Thorwald’s book The Century of the Detective was nominated for the Edgar Allan Poe Award in 1966 in Best Fact Crime category but he lost to Truman Capote's  In Cold Blood. In 1984 he was awarded the Order of Merit of the Federal Republic of Germany. Thorwald died in Lugano.

Bibliography
 Luftmacht Deutschland. Luftwaffe, Industrie, Luftfahrt, 1939 (preface by Hermann Göring)
Die große Flucht - published originally as two books, later as one or two, English language title Defeat in the East: Russia Conquers-January to May 1945, originally published as Flight in the Winter. 
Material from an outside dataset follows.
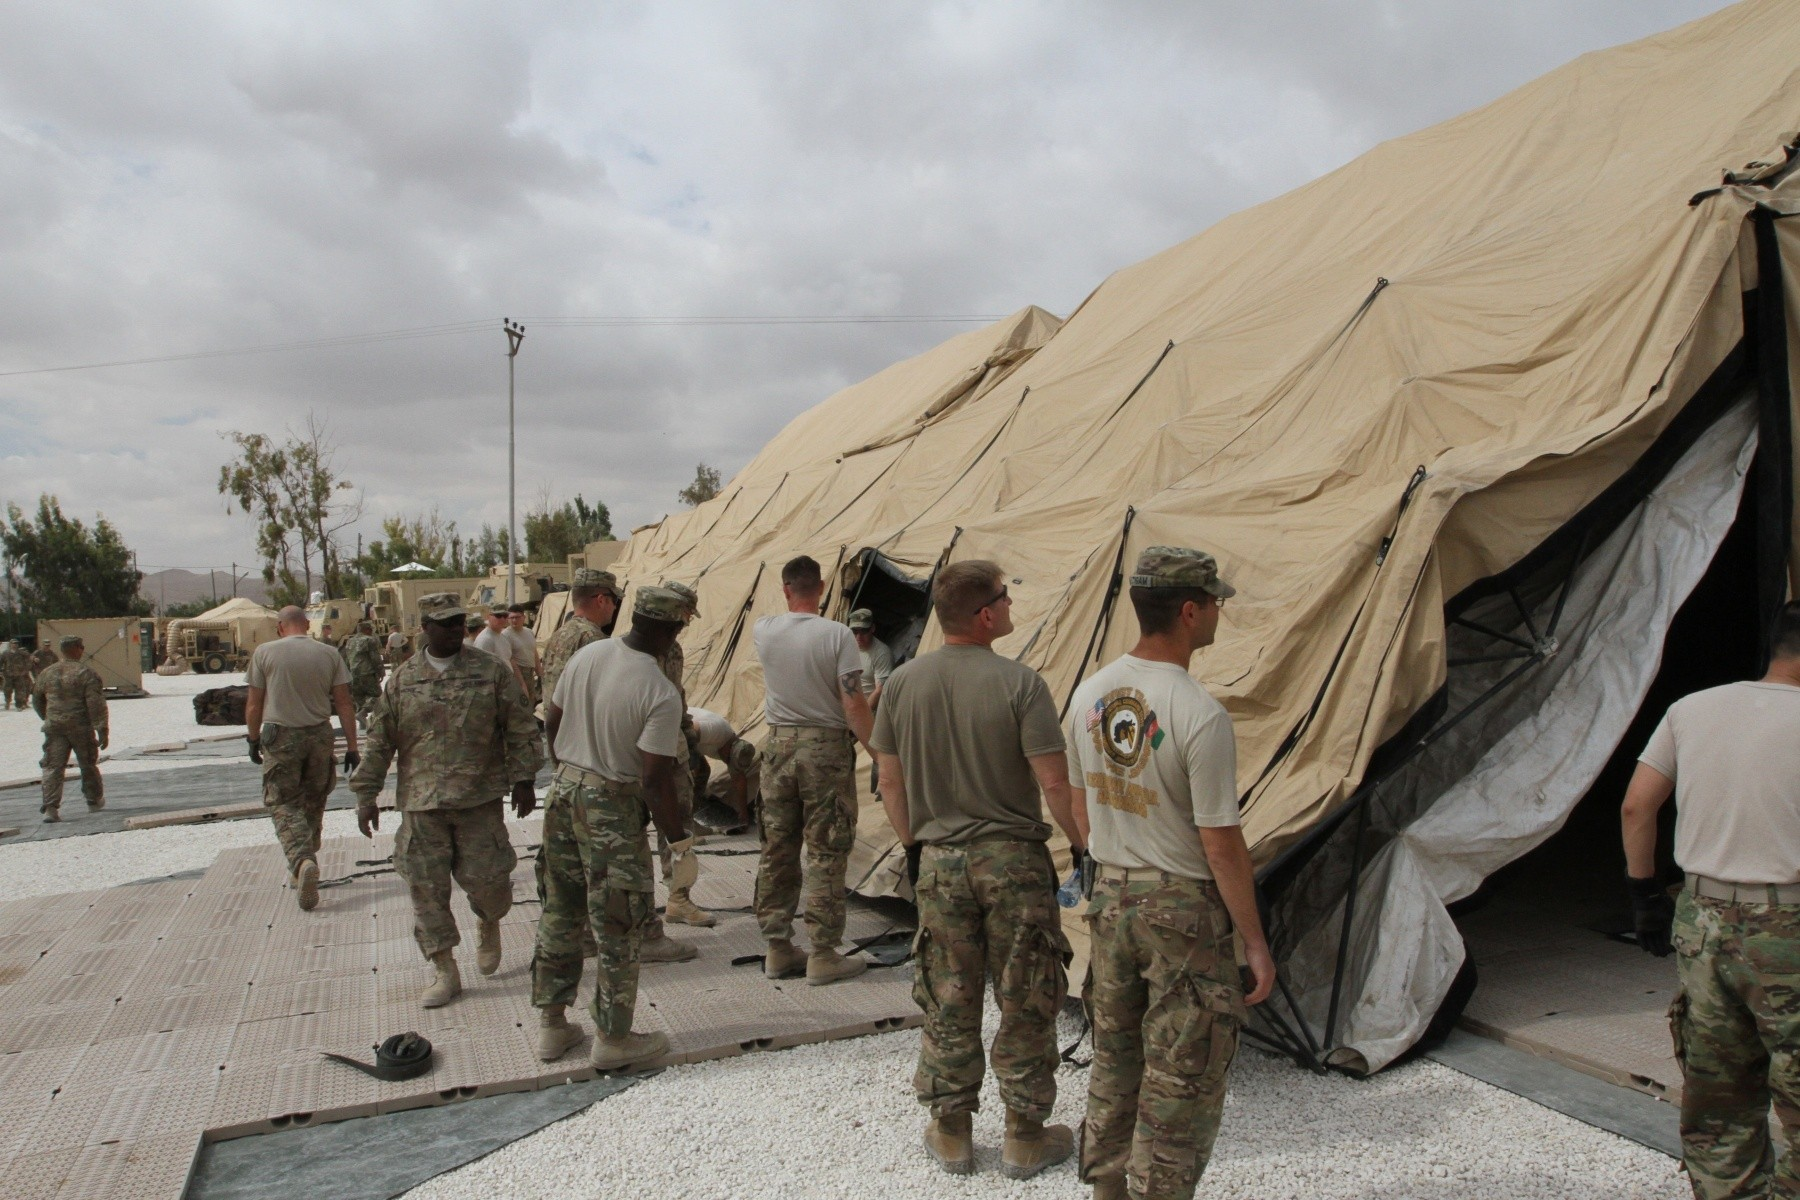 100+ Drash Tent Interior – yasminroohi

 Es begann an der Weichsel, 1948 
 Das Ende an der Elbe, 1950
 Die ungeklärten Fälle, 1950
 Wen sie verderben wollen..., 1952
 Der Fall Pastorius, 1953
 Blut der Könige. Das Drama der Bluterkrankheit in den europäischen Fürstenhäusern, 1954
 Das Jahrhundert der Chirurgen, 1956 (The Century of the Surgeon)
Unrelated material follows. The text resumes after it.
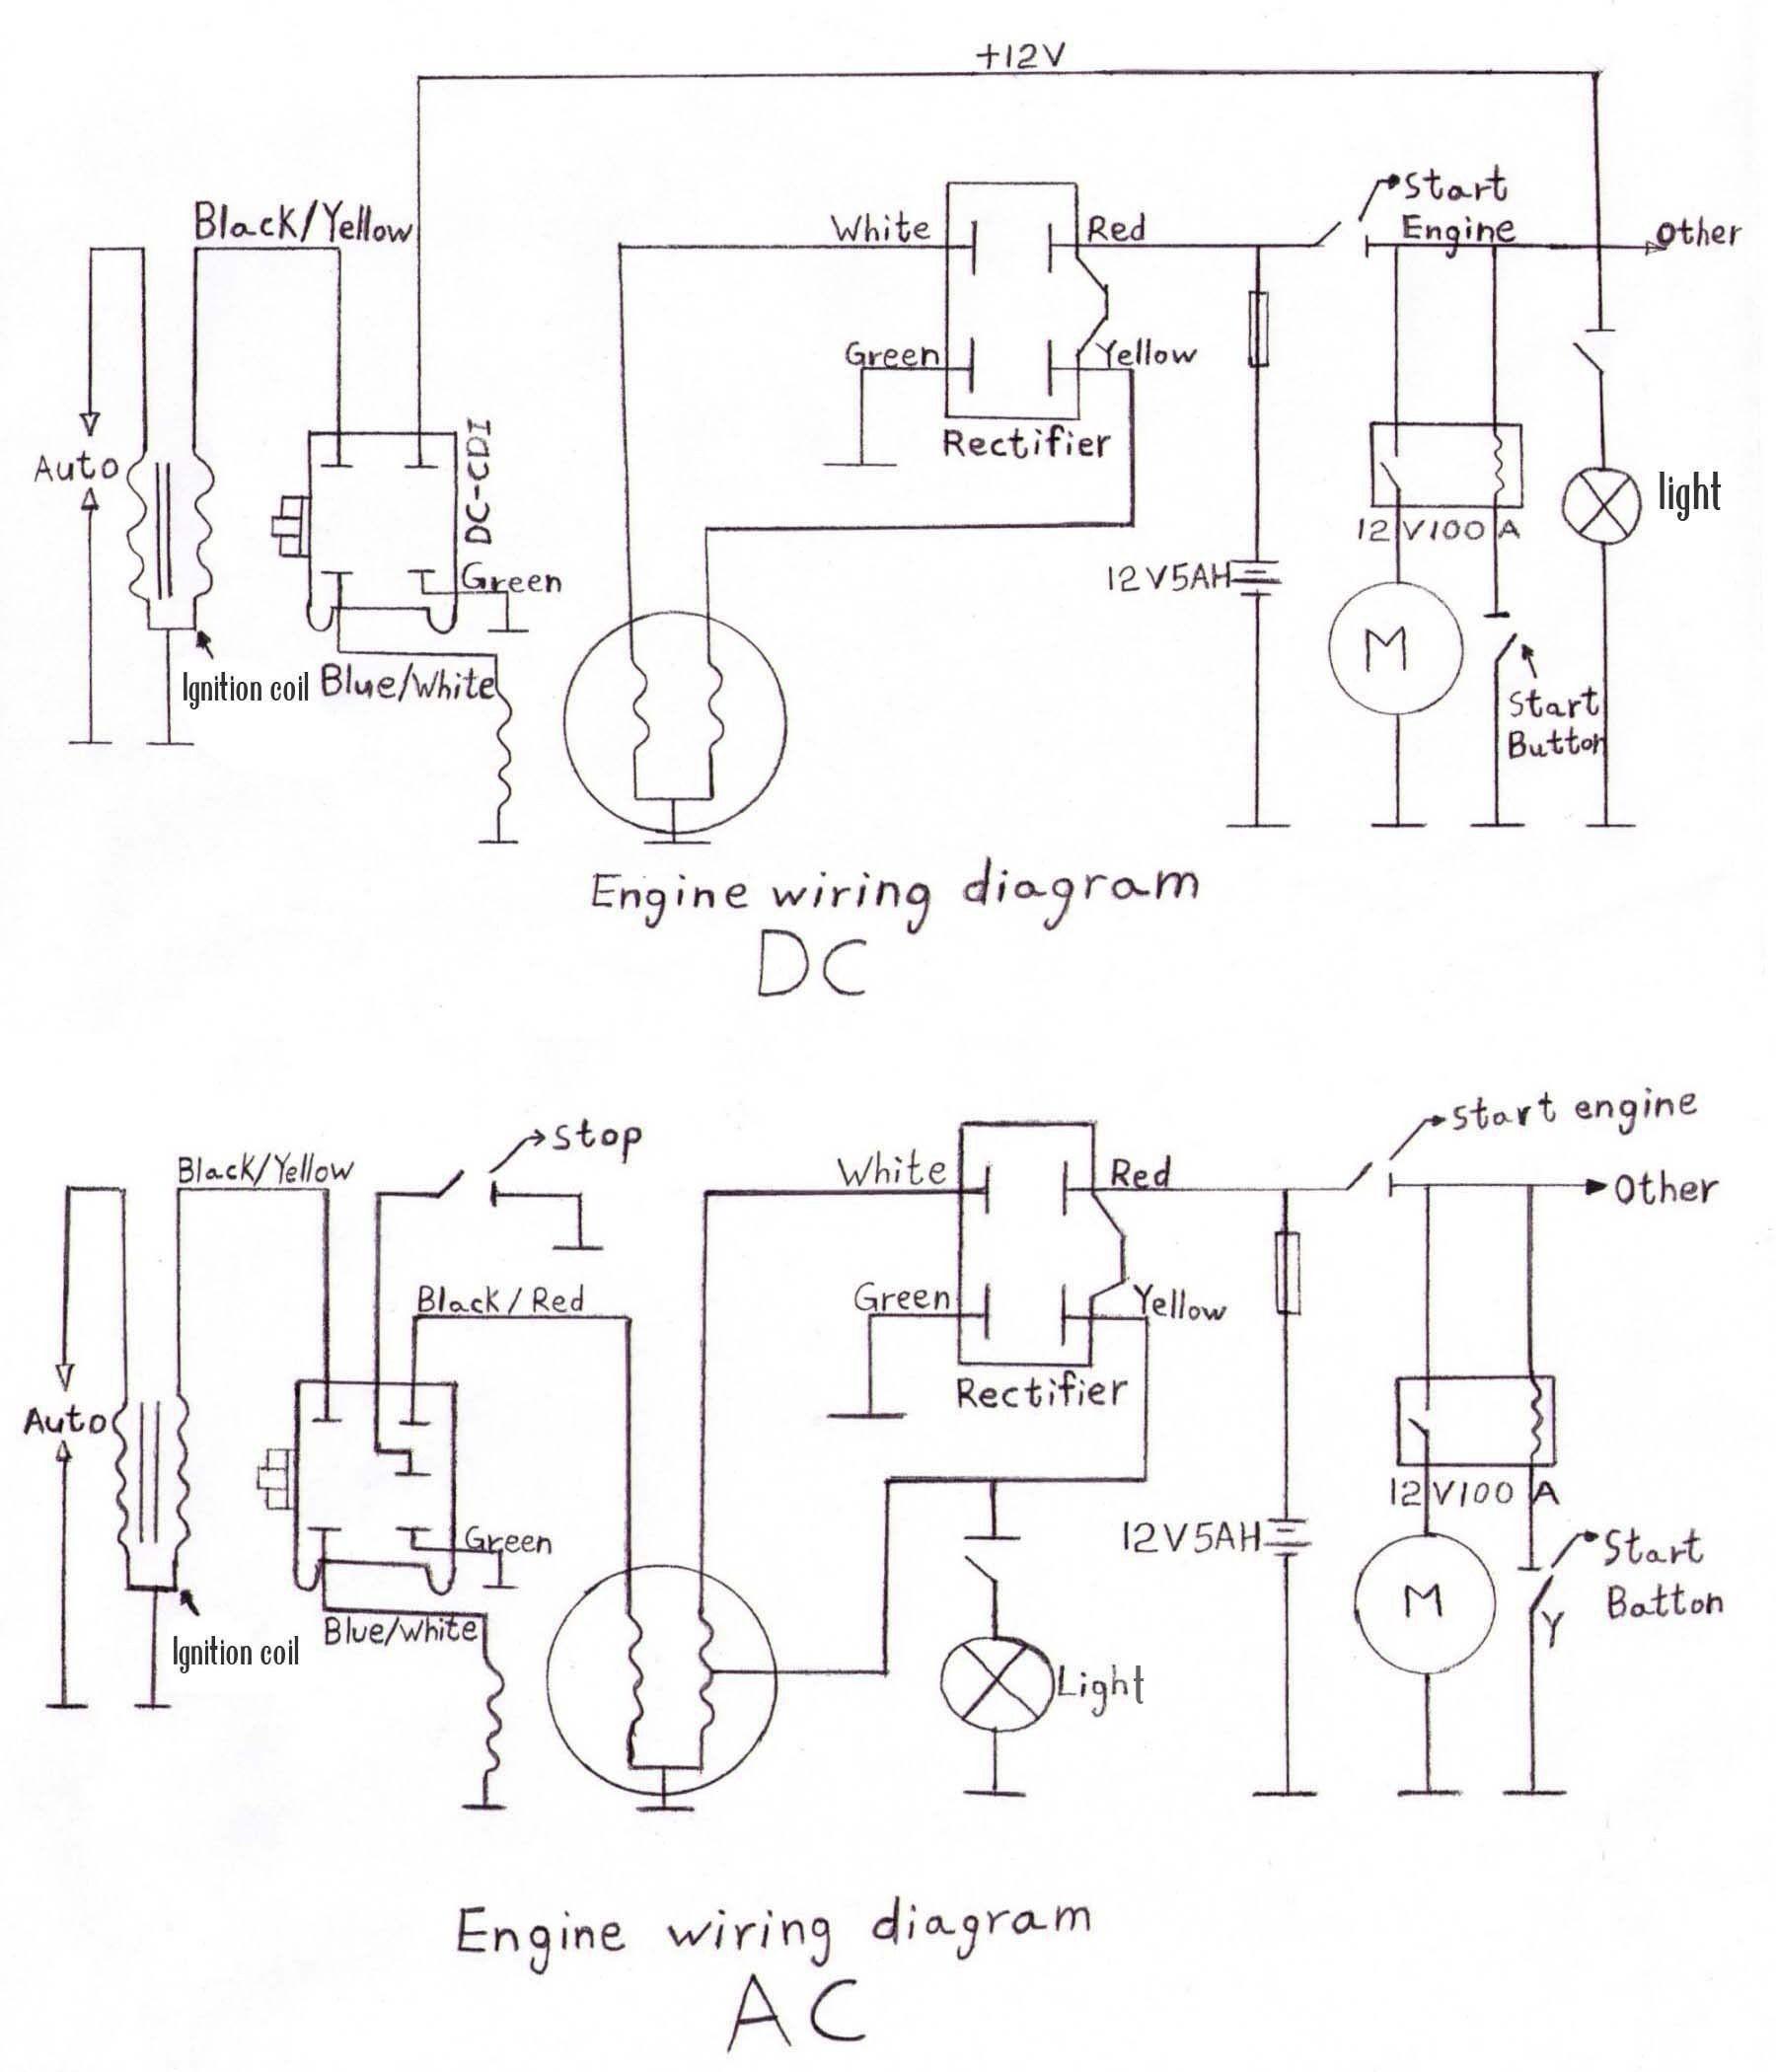 Lifan 125cc Engine Diagram - Wiring Diagram Sourcesavemoney.gg

 Das Weltreich der Chirurgen, 1958 (The Triumph of Surgery) 
 Die Entlassung. Das Ende des Chirurgen Ferdinand Sauerbruch, 1960 (The dismissal: The Last Days of Ferdinand Sauerbruch)
 Macht und Geheimnis der frühen Ärzte, 1962
 Das Jahrhundert der Detektive, 1964 (Century of the Detective: Volume 1 in English "The Marks of Cain" (1965), Volume 2 "Dead Men Tell Tales" (1966, ))
 Die Stunde der Detektive. Werden und Welten der Kriminalistik, 1966
 Macht und Geheimnis der frühen Ärzte, 1967
 Die Traum-Oase, 1968
 Die Patienten, 1971 (The Patients)
 Die Illusion. Rotarmisten in Hitlers Heeren, 1974 (The Illusion: Soviet Soldiers in Hitler's Armies)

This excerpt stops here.